The operations manual is intended to remind employees of how to do their job. The manual is either a book or folder of printed documents containing the standard operating procedures, a description of the organisational hierarchy, contact details for key personnel and emergency procedures. It does not substitute for training, but should be sufficient to allow a trained and competent person to adapt to the organisation's specific procedures.

The operations manual helps the members of the organisation to reliably and efficiently carry out their tasks with consistent results. A good manual will reduce human error and inform everyone precisely what they need to do, who they are responsible for and are responsible for. It serves as an organisational knowledge base, and should be available for reference whenever needed. The operations manual is a document that should be periodically reviewed and updated whenever appropriate to ensure that it remains current.

== Format ==
The operations manual can be a digital or paper document. The digital format has advantages for revision control and can be distributed easily and at low cost. The detail should be sufficient to allow a competent person without specific experience to understand what is needed and how it is to be done. It is not a training manual, too much or too little detail can make it inefficient.

== Contents ==
Content will vary depending on the organisation, but some basic structure is fairly universal.
Typical sections include:
- Organisational hierarchy
- Job descriptions
- Contact details
- Documented processes and systems
- Occupational health and safety instructions
- Emergency procedures
- Company History
- Products & Services
- Policies and position statements

There are two basic categories of information: Information that is relevant to all people in the organisation, and often also to clients and the general public, and information that is relevant to specific positions.
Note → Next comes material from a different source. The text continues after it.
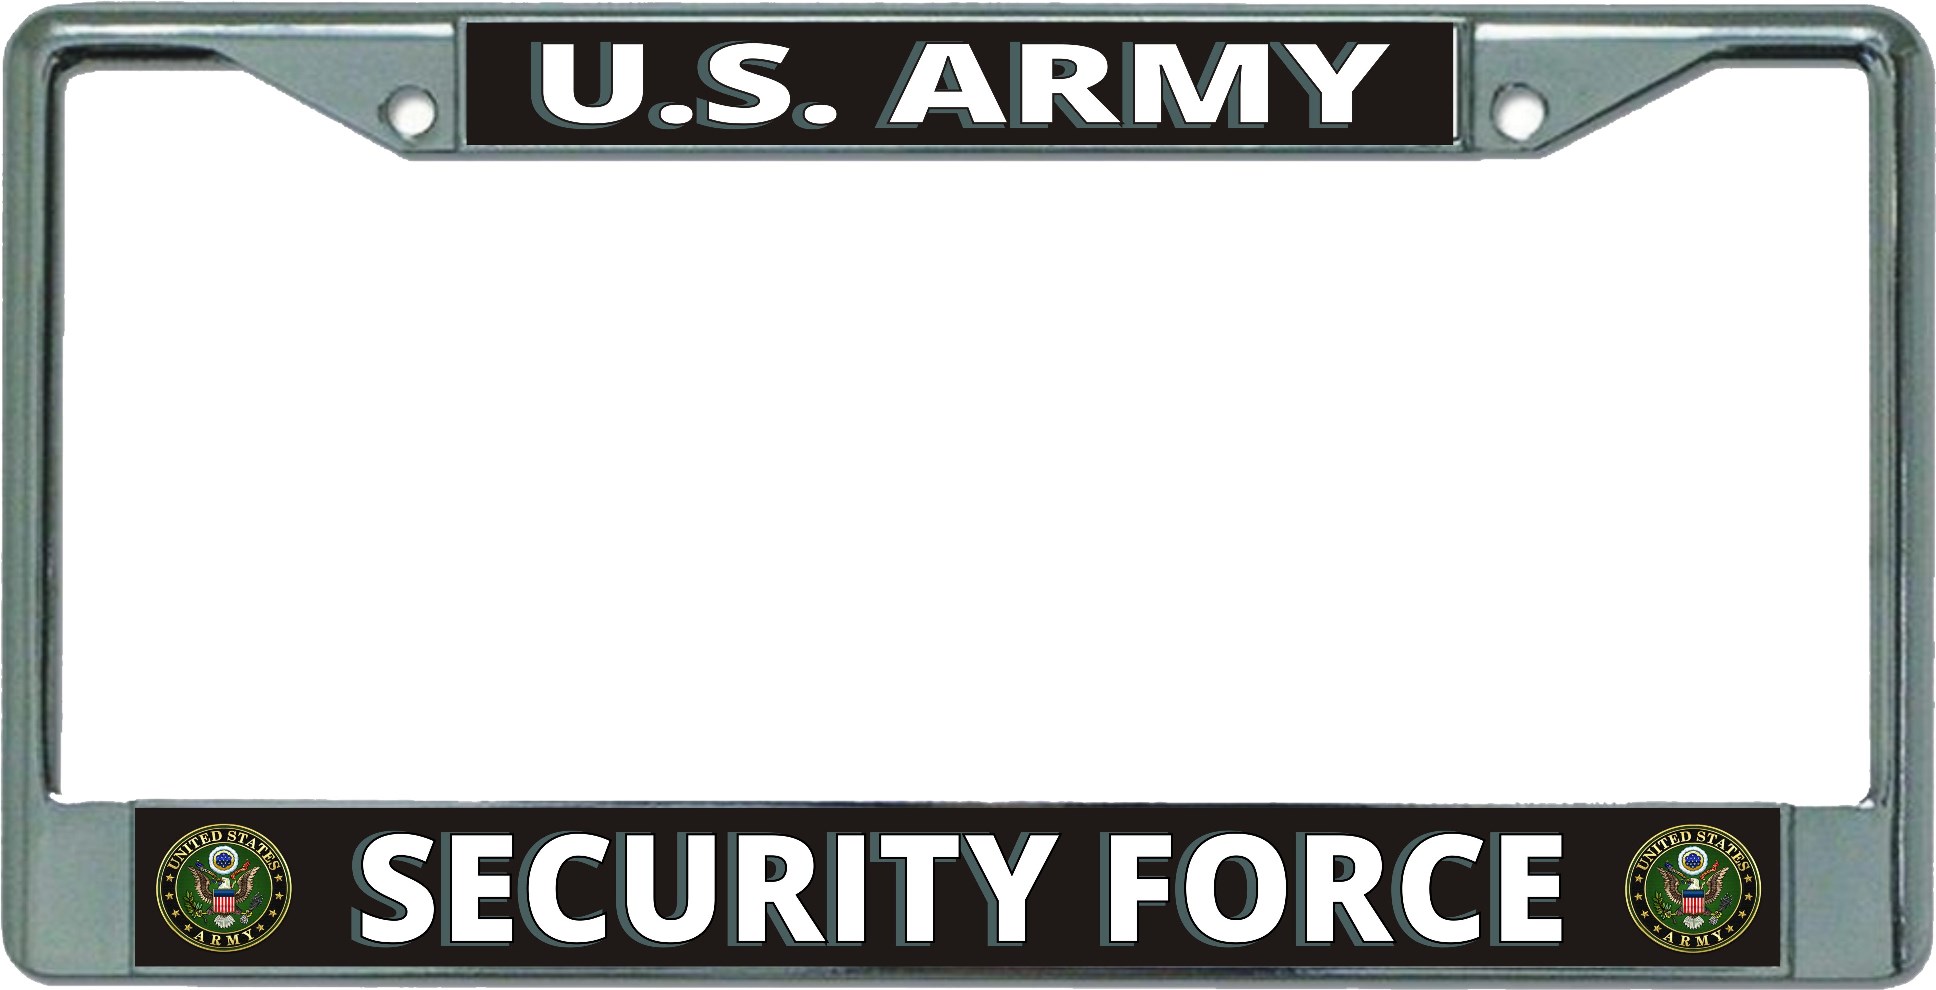 U.S. Army Security Force Chrome LICENSE PLATE Frame

There may be statutory or regulatory requirements for specific content. In some cases the CEO may be required to authorise the operations manual by signature, and this authorisation may be required to be present in the document. A version number and date of commencement may be required, and it may be a controlled document.

=== Organogram ===

The organisational hierarchy is commonly and effectively described by an organisational chart, or organogram, a diagram that shows the structure of an organization and the relationships and relative ranks of its sections and members which gives the reader an easily understood picture of where key people fit into the organisation.

=== Job descriptions ===

A job description is a document that describes the general tasks, duties, and responsibilities of a position, and may specify the functionary to whom the position reports, specifications such as the competence, qualifications, registration, certification or skills needed by the person in the job, and a salary range. Formal job descriptions help people understand their roles within the organisation and identify each other's responsibilities.

=== Contact details ===
These include names and contact details for key persons within the organisation and important external contacts.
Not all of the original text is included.